- [Excerpted data]:

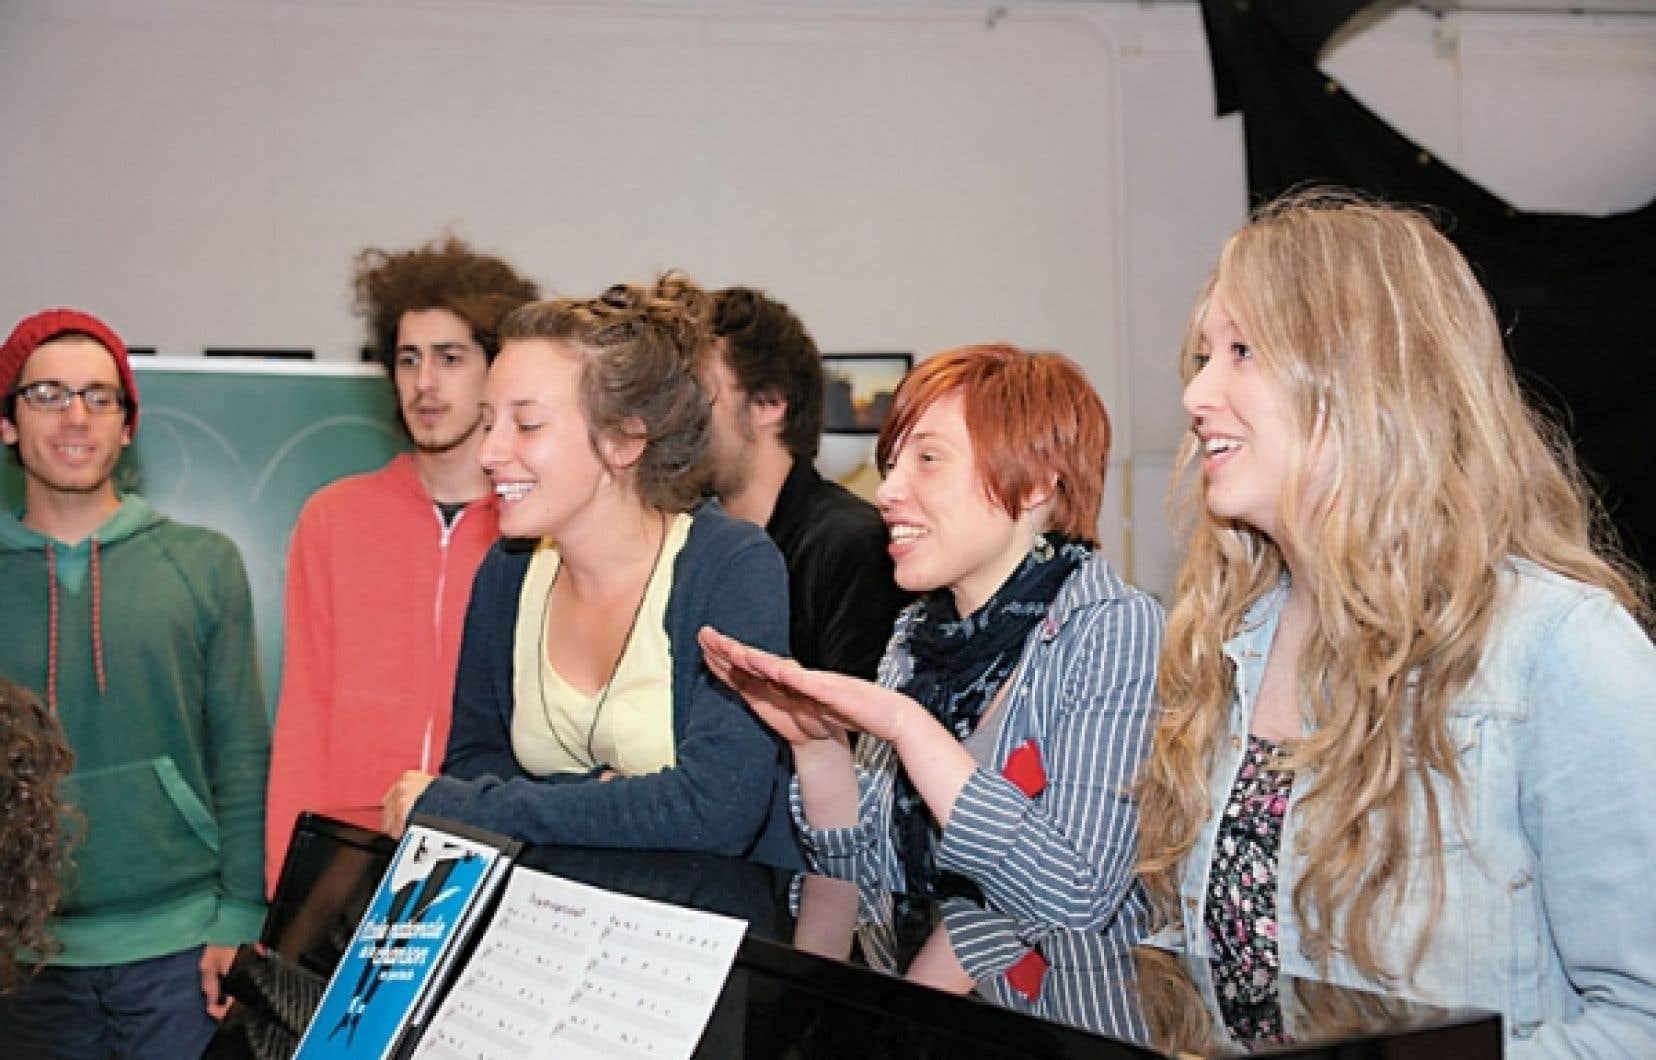 Quelques-uns des finissants de la classe 2012 de l'École nationale de la chanson, photographiés autour du piano dans leur grand local du cégep de Granby Haute-Yamaska.
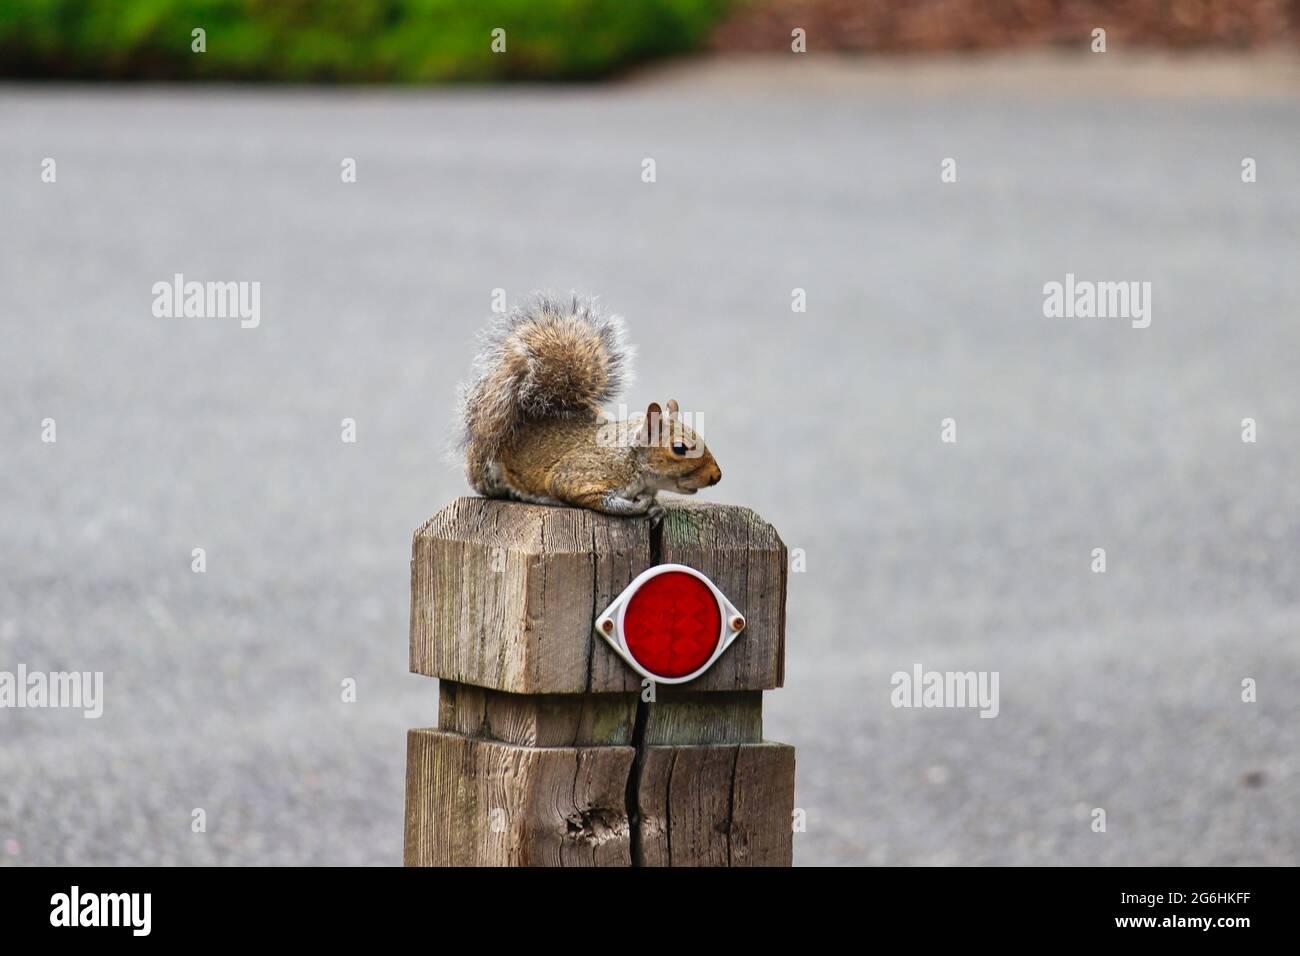 Ardilla gris oriental sentada en un poste Foto de stock
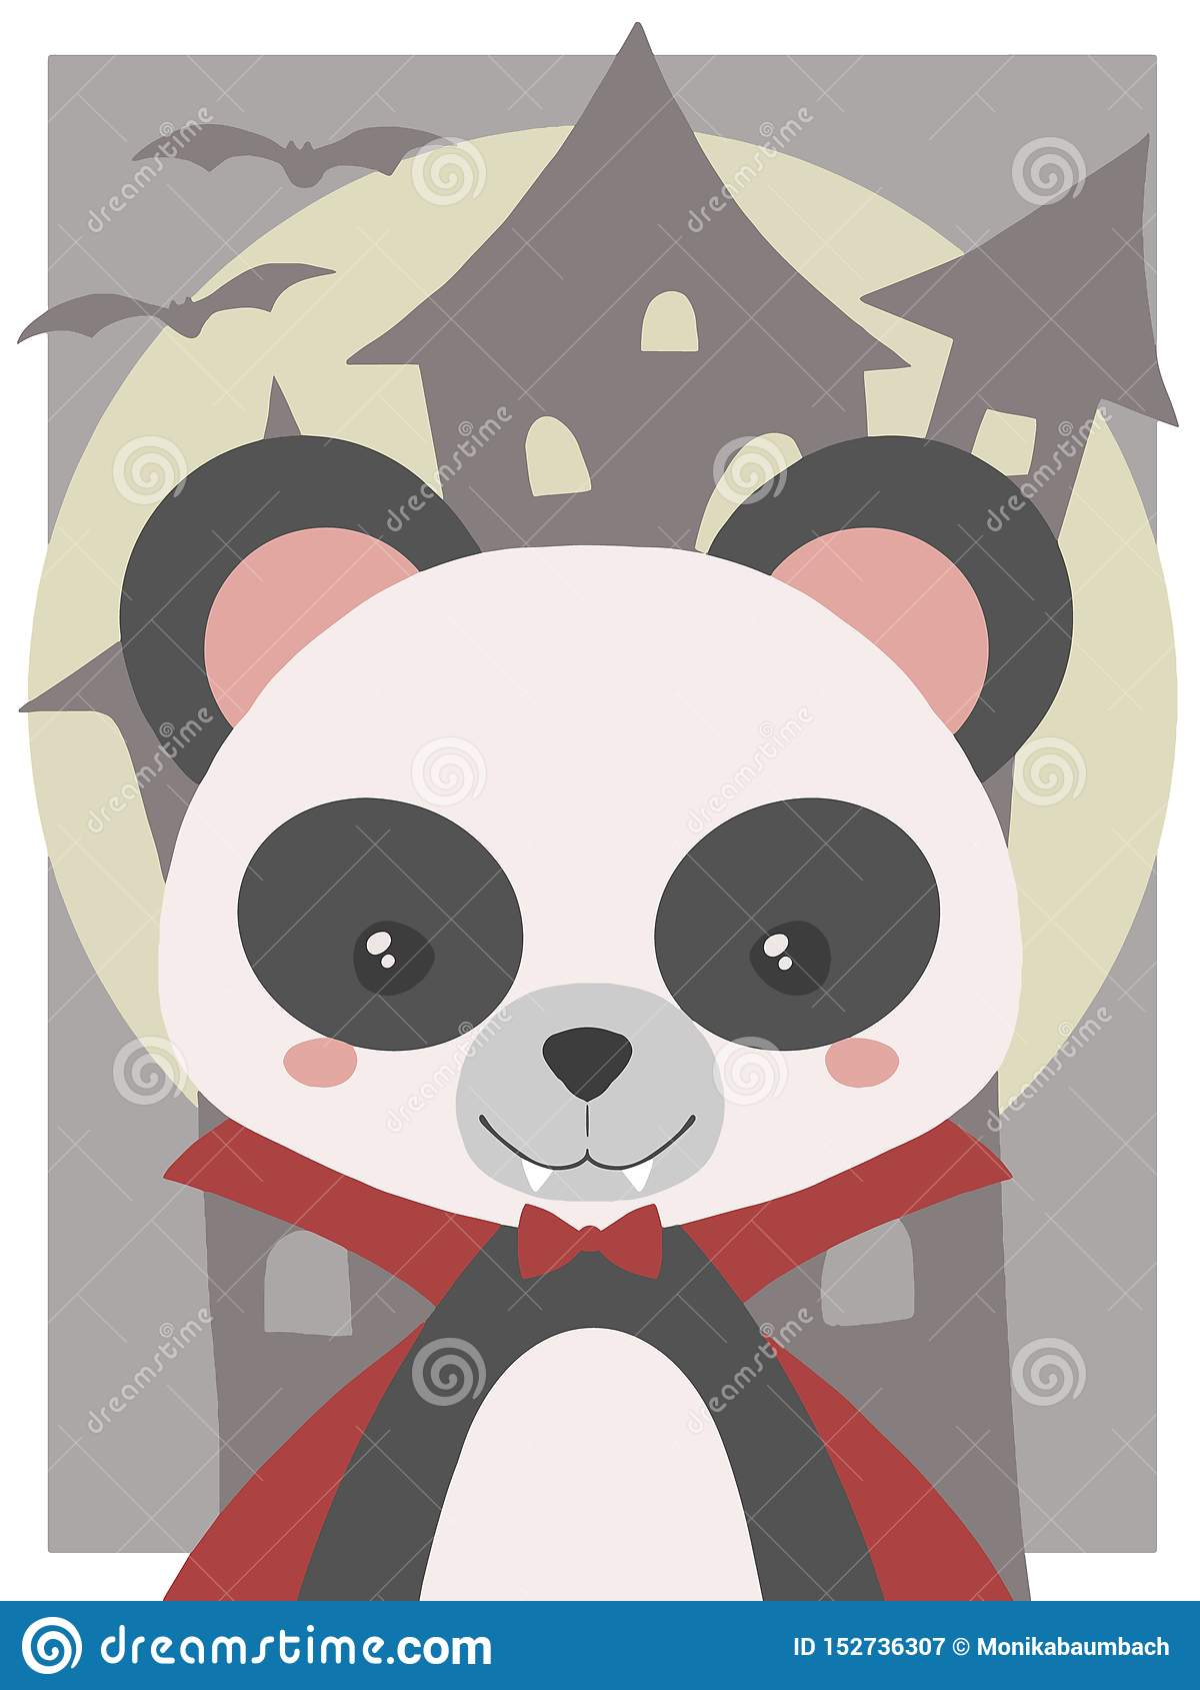 Art mignon de vecteur de Halloween pour les enfants, le panda habillé vers le haut de comme le vampire avec des crocs et le rouge
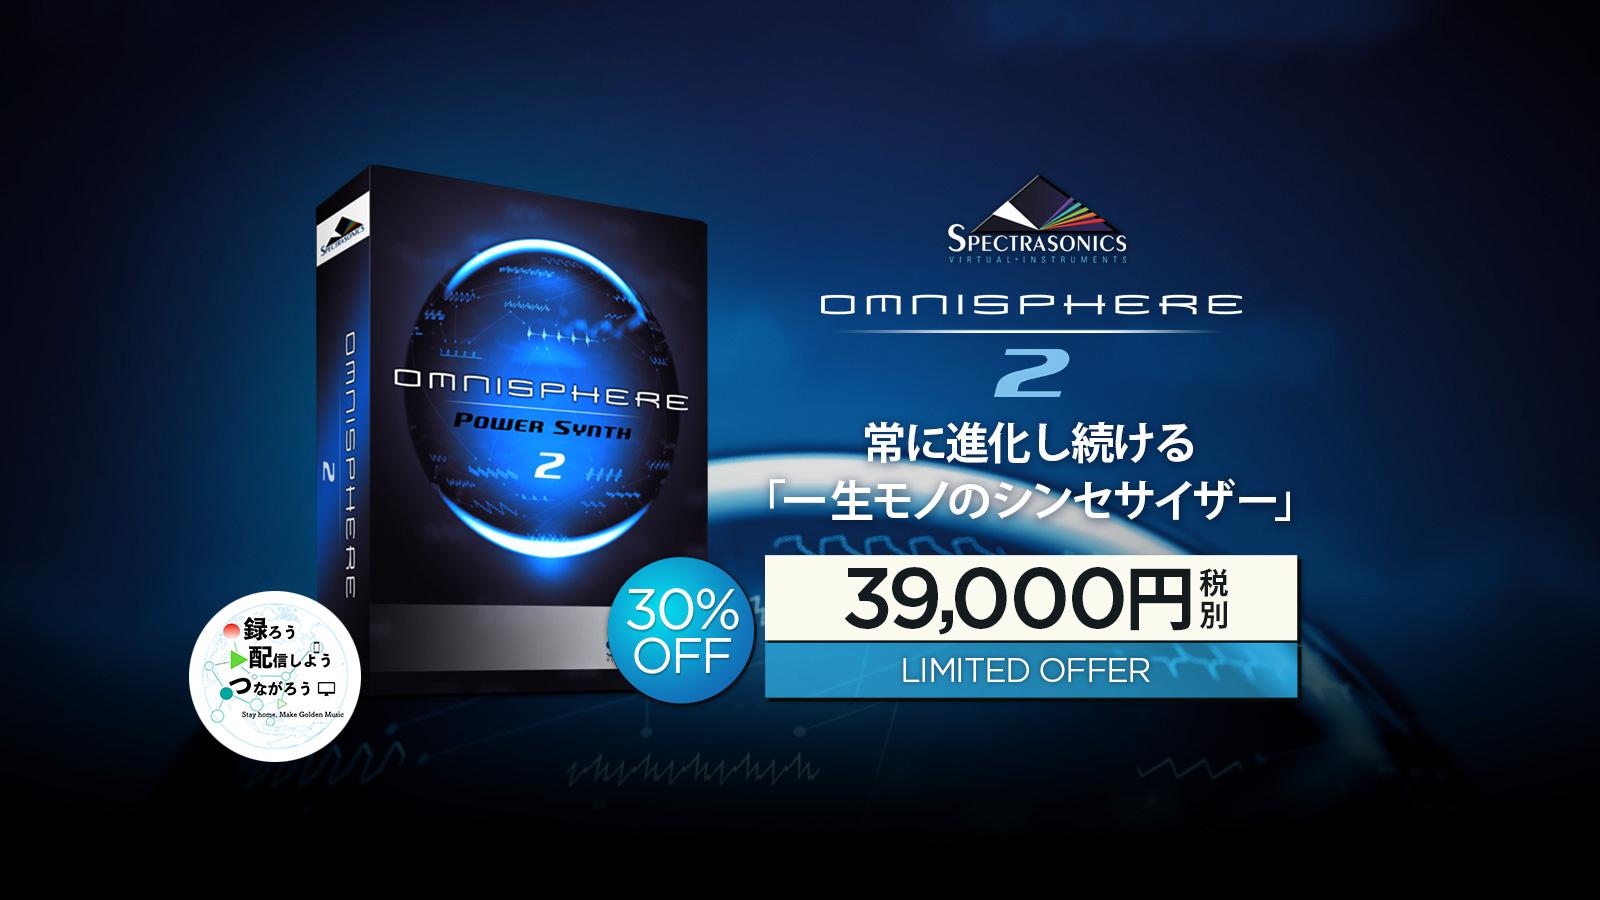 """<h2 class=""""title"""">ソフトシンセの頂点をいくSpectrasonics Omnisphere 2が今だけ国内限定セールプライス!</h2>"""
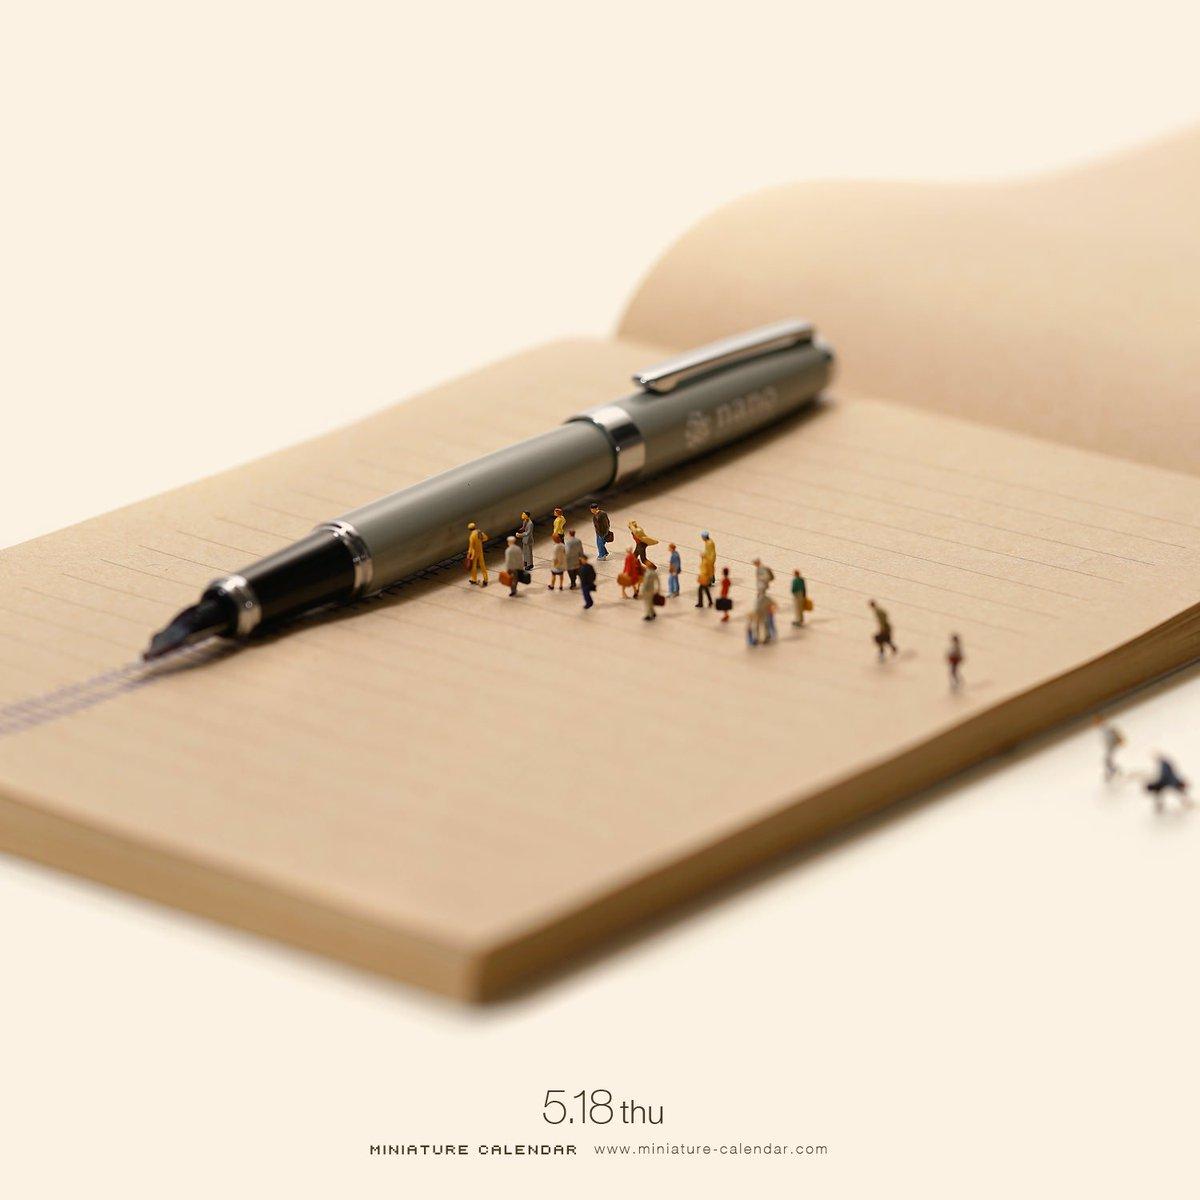 「新パン線に続きまして〜新幹ペンが参ります〜」   #万年筆 #新幹線  ちなみにこの万年筆は今月号(7月号)のDIMEの付録です💡 誌面で私も少しだけ紹介されています。

- [What you need to do]:
The copy must start at the line containing "Art mignon de" and end at the last line of the data, matching each line exactly. It must hold no pictures.

- [Expected output]:
 Art mignon de vecteur de Halloween pour les enfants, le panda habillé vers le haut de comme le vampire avec des crocs et le rouge
 """<h2 class=""""title"""">ソフトシンセの頂点をいくSpectrasonics Omnisphere 2が今だけ国内限定セールプライス!</h2>"""
 「新パン線に続きまして〜新幹ペンが参ります〜」   #万年筆 #新幹線  ちなみにこの万年筆は今月号(7月号)のDIMEの付録です💡 誌面で私も少しだけ紹介されています。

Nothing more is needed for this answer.